Posté par Tristan Lecomte le 20 octobre 2010

Selon le WWF, 40 % des importations de bois en France sont illégales. Le manque d’information sur les enjeux de l’éco-certification explique ce comportement. Il y a là un levier d’action puissant pour lutter efficacement contre la déforestation incontrôlée à travers le Monde. Le Forest Trust (TFT) est une organisation non gouvernementale reconnue dans ce domaine, et un partenaire privilégié de la Fondation pour son volet “lutte contre la déforestation et la désertification”.

L’originalité de TFT est d’aborder le problème de la déforestation en ayant une approche sur l’ensemble de la filière. A quoi bon sensibiliser les consommateurs à l’achat de bois durable si les filières ne sont pas mises en place et contrôlées efficacement en amont ? Comment encourager l’industrie forestière à de meilleures pratiques sans aide technique sur le terrain et sans incitation par le marché en aval ?

Les étudiants de la promotion Moabi sur un chantier d’exploitation forestière.2Ainsi, TFT agit de bout en bout de la chaîne de valeur du bois, pour en assurer une bonne gestion. En améliorant les conditions de plantation, de coupe et de vente du bois, on passe d’un situation où la déforestation aggrave le réchauffement climatique et entraîne les populations vers une paupérisation croissante (ceux-ci ne bénéficiant que marginalement des retombées de la vente illégale du bois), à une situation vertueuse de gestion durable de la forêt, d’augmentation de sa capacité de séquestration du CO2 et de valorisation de la filière au profit de tous.

C’est l’esprit du Centre d’Excellence Sociale de gestion durable des forêts au Cameroun, financé en partie par la Fondation.
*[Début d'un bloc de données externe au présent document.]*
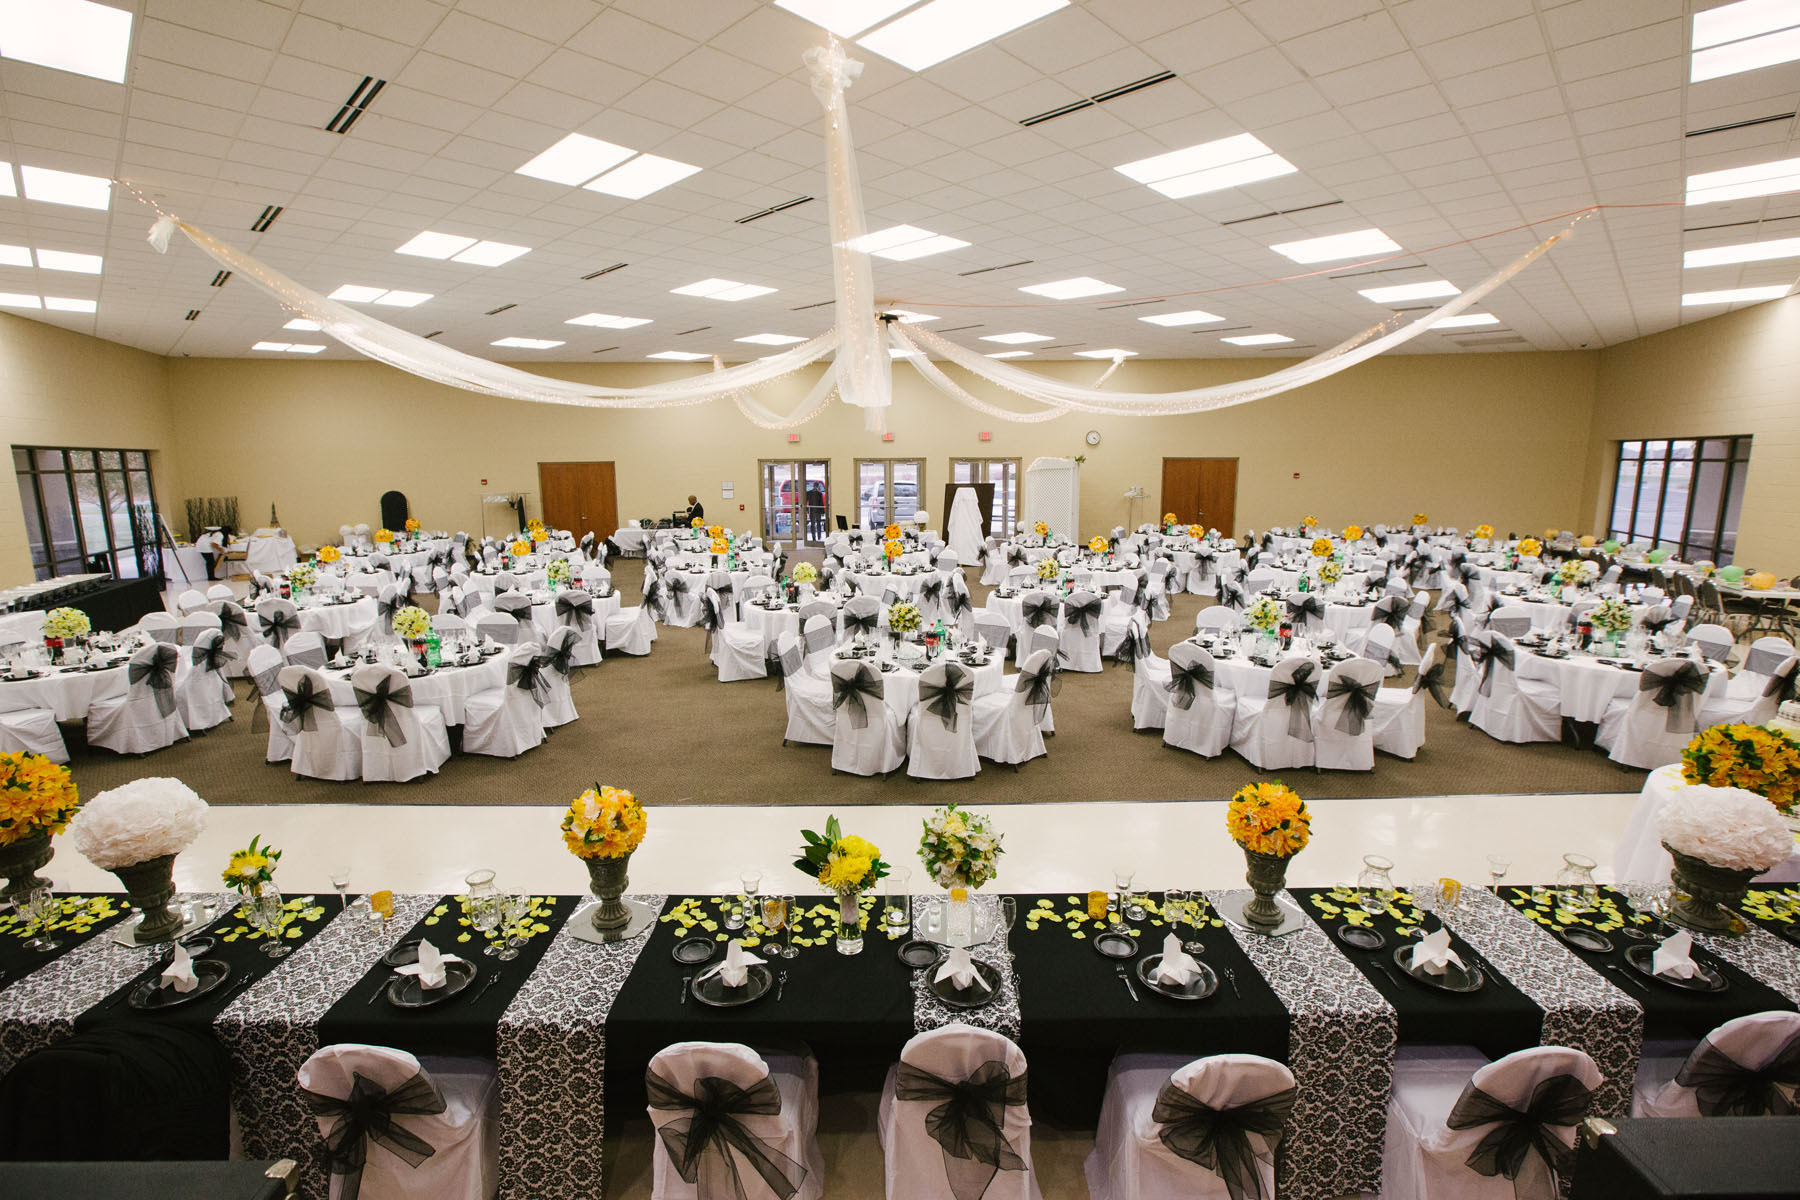  Wedding  Reception  Venues  in Wichita  KS  Wichita  Wedding  
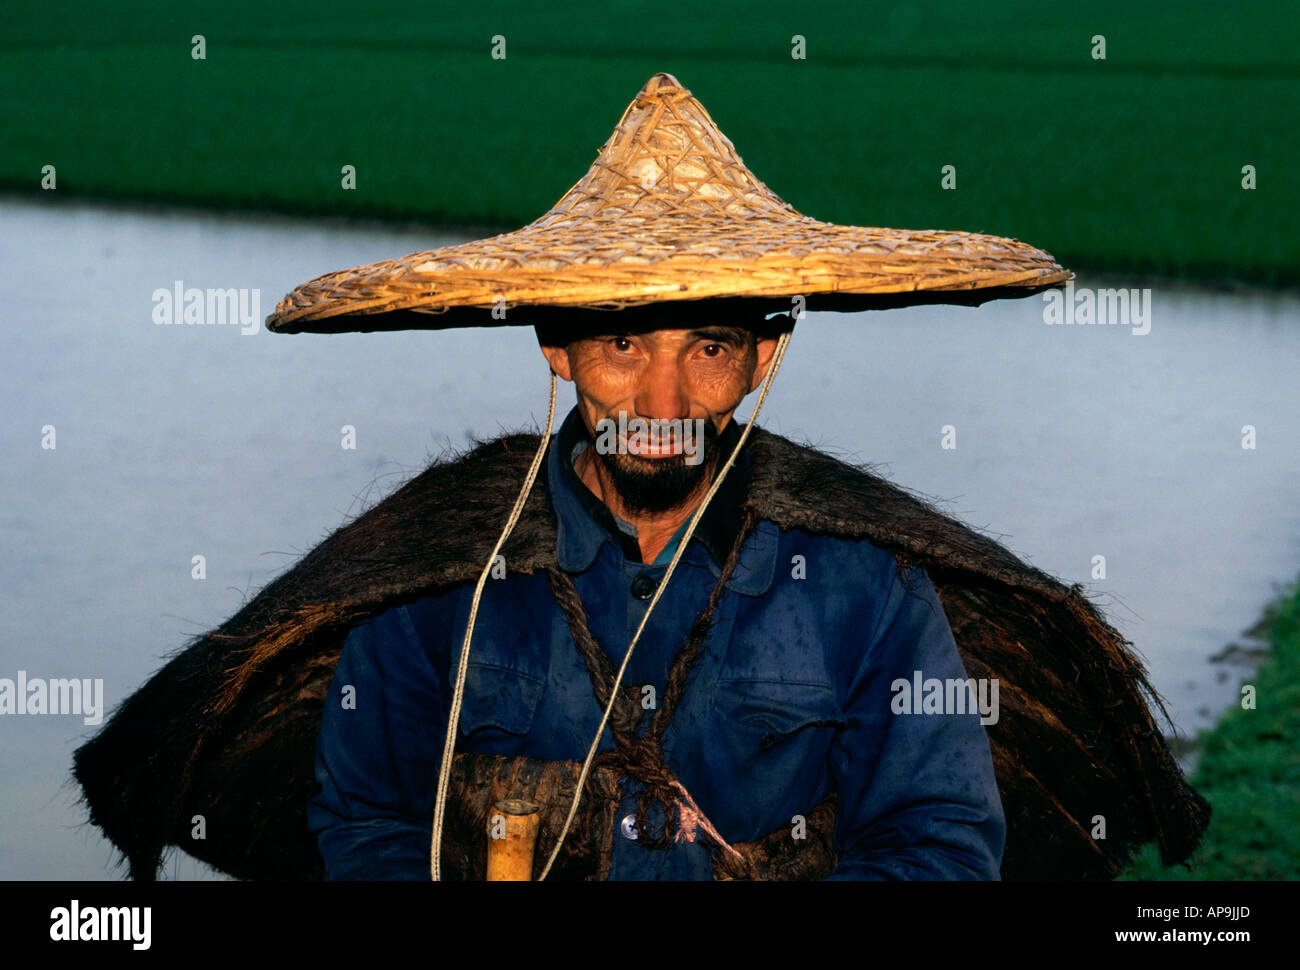 https://c8.alamy.com/compes/ap9jjd/1-un-hombre-chino-agricultor-vistiendo-sombrero-conico-contacto-visual-vista-frontal-vertical-entre-la-luna-y-la-colina-de-yangshuo-guangxi-china-asia-ap9jjd.jpg

Ce centre est lié à une concession forestière, la plus grande de la région, pour la première fois en Afrique, le certificat FSC garantissant une gestion durable de l’exploitation. Celle-ci prend par ailleurs en compte les droits et les modes de vie des communautés locales qui sont directement impliquées, via, en particulier, une radio communautaire. L’objectif du centre est d’étendre le projet a plus de 7 millions d’hectares en impliquant et en formant plus d’une dizaine d’entreprises forestières locales à la gestion durable de la forêt.

Le TFT suit la même approche dans de nombreux pays dont le Laos, où nous avons pu mieux appréhender la valeur ajoutée du TFT sur le terrain : formation des communautés et des industries forestières à une plantation et une coupe optimisée et gérée durablement du bois, renforcement du lien et de la traçabilité, avec les acheteurs de bois soucieux de l’environnement dans nos pays.

La forêt n’est pas un obstacle au développement des pays du Sud

Ensemble, la fondation Chirac et le TFT animent ce lien jusqu’aux architectes en France, premiers prescripteurs de bois pour le BTP, en proposant des sensibilisations, programme novateur et exemplaire, que la Fondation a aussi souhaité soutenir pour s’inscrire, à l’image de son partenaire dans cette approche holistique de filière.

Tristan Lecomte découvre le projet de Luang Prabang (Laos)L’approche filière du TFT a de nombreux mérites dont celui de montrer que le respect de l’environnement, via une meilleure gestion des forêts est aussi synonyme de création de valeur supplémentaire pour les acteurs économiques et de meilleures retombées sociales pour les populations les plus pauvres. La forêt n’est pas un obstacle au développement des pays du Sud, elle est au contraire un de leurs actifs les plus précieux, il faut le valoriser au mieux pour assurer un développement durable de ces pays.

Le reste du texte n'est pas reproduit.